A trie is an efficient data structure to handle dynamic sets of strings especially for prefix checks. Implementing a trie to store all the strings and then traversing it to find non-duplicate substrings is a more advanced but very efficient solution.

Here’s an example:

class TrieNode:
    def __init__(self):
        self.children = {}
        self.endOfString = False

def insert(root, word):
    node = root
    for char in word:
        if char not in node.children:
            node.children[char] = TrieNode()
        node = node.children[char]
    node.endOfString = True

def unique_substrings(root, strings):
    unique = []
    for string in strings:
        node = root
        for char in string:
            if char in node.children:
                node = node.children[char]
            else:
                unique.append(string)
                break
        else:
            if node.endOfString:
                unique.append(string)
    return [string for string in unique if root.children.get(string[0]).endOfString]

# Usage
root = TrieNode()
strings = ['code', 'coder', 'coding', 'code']
for string in strings:
    insert(root, string)
print(unique_substrings(root, strings))

Output:

['coder', 'coding']

The code defines a TrieNode class and a function to insert strings into the trie. An additional function to find unique substrings checks each string against the trie. It collects strings that don’t have any prefixes already present in the trie, resulting in a list of unique substrings.

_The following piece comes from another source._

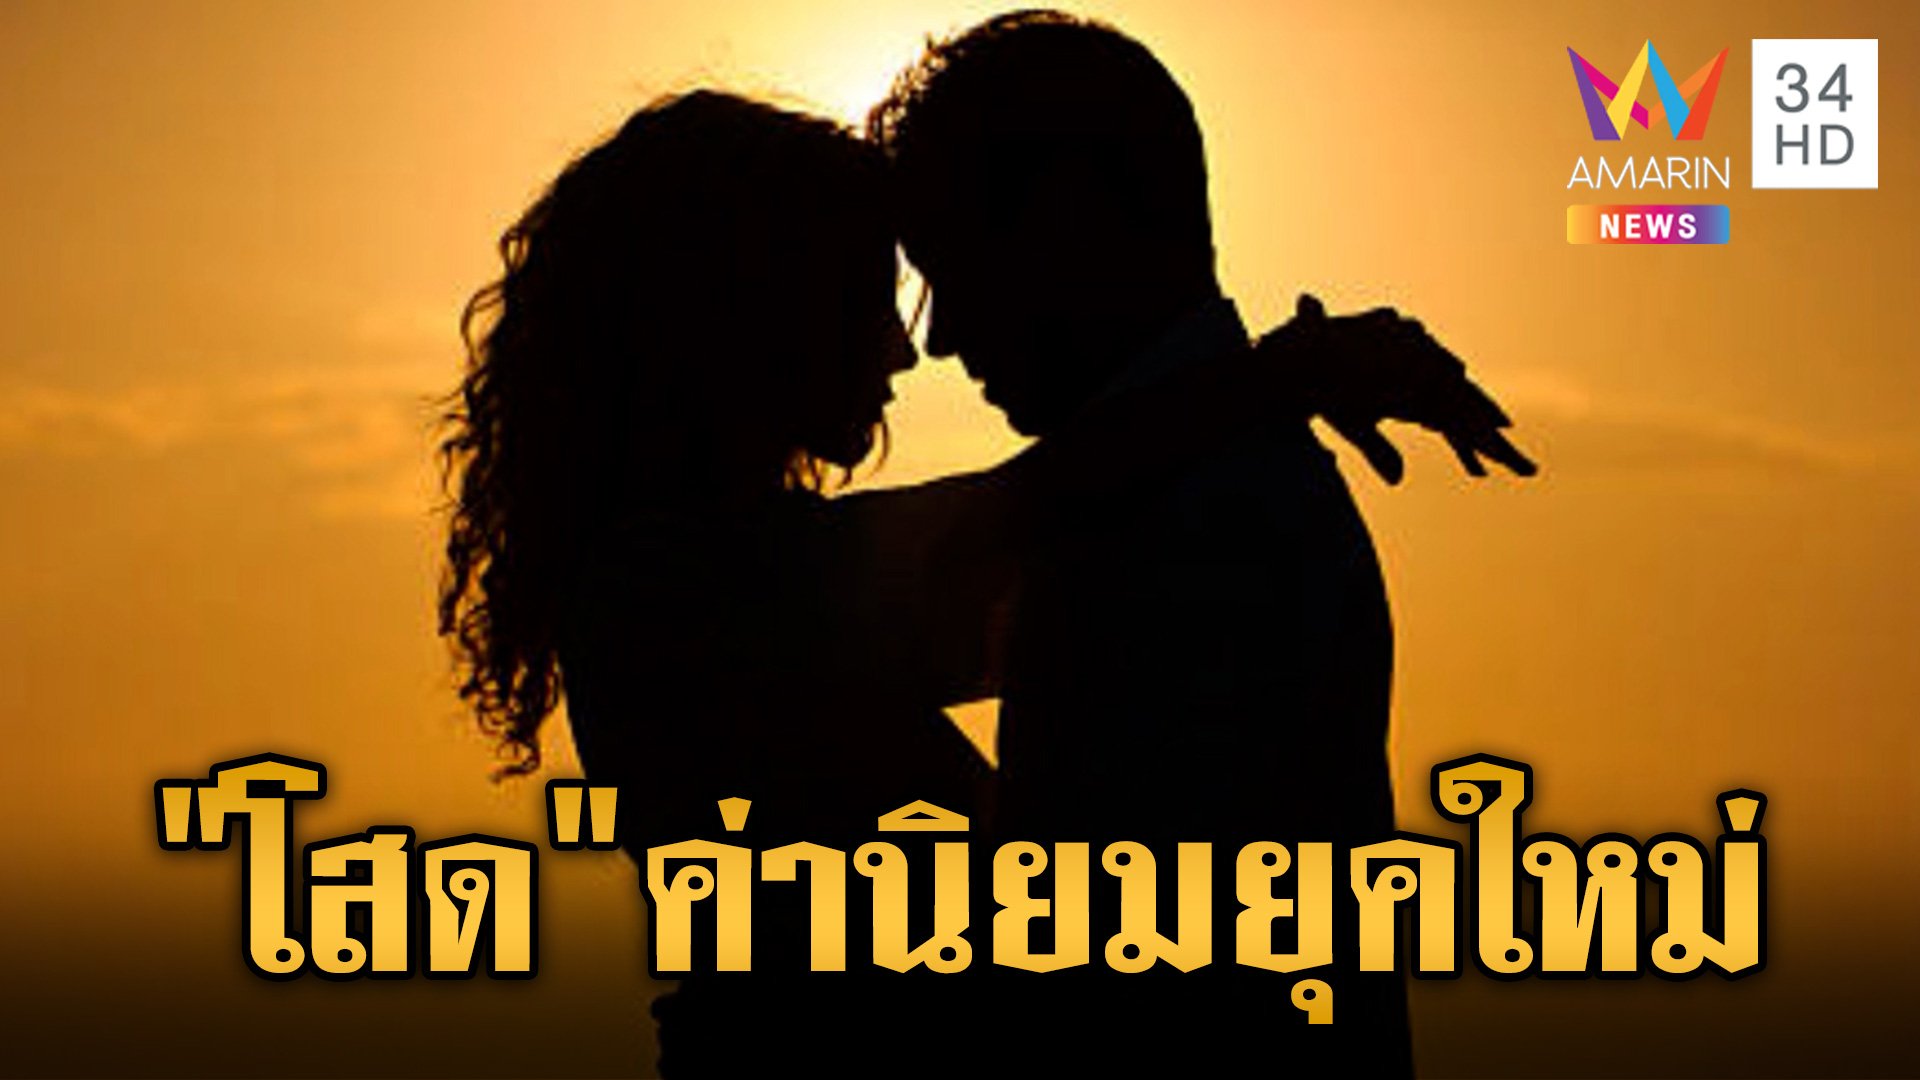 คนไทยอัตรา "คนโสด" พุ่งสูง ผู้หญิงไม่เดทกับผู้ชายที่เตี้ยกว่า ส่วนผู้ชายไม่ขอเดทกับผู้หญิงที่ผ่านการหย่าร้าง | ข่าวเย็นอมรินทร์ | 28 พ.ค. 67 | AMARIN TVHD34

Bonus One-Liner Method 5: Using List Comprehension and ‘filter()’

As a one-liner approach, we can combine list comprehension with the filter() function and a lambda expression to concisely identify and remove duplicate substrings from the list.

Here’s an example:

strings = ['code', 'coder', 'coding', 'code']
unique = list(filter(lambda x: not any(x in y for y in strings if x != y), strings))
print(unique)

Output:

['coder', 'coding']

This one-liner uses a list comprehension nested within a filter() function. For each string in the list, it filters out those which are found as a substring in any other element, excluding itself, leading to a concise yet efficient way to find unique items.

Summary/Discussion

  • Method 1: Set Comprehension with ‘all()’. Strengths: concise, no import necessary. Weaknesses: can be less readable due to complexity.
  • Method 2: Custom Function with ‘startswith()’. Strengths: easy to understand, explicit logic. Weaknesses: potentially slower with large lists.
  • Method 3: Sorting and Grouping. Strengths: great for partially sorted lists, elegant use of itertools. Weaknesses: overhead of sorting the list.
  • Method 4: Trie Data Structure. Strengths: very efficient for large datasets, versatile for strings. Weaknesses: complex to implement, overkill for small lists.
  • Method 5: One-Liner with ‘filter()’. Strengths: elegant, functional programming style. Weaknesses: may lack clarity for those unfamiliar with lambda expressions.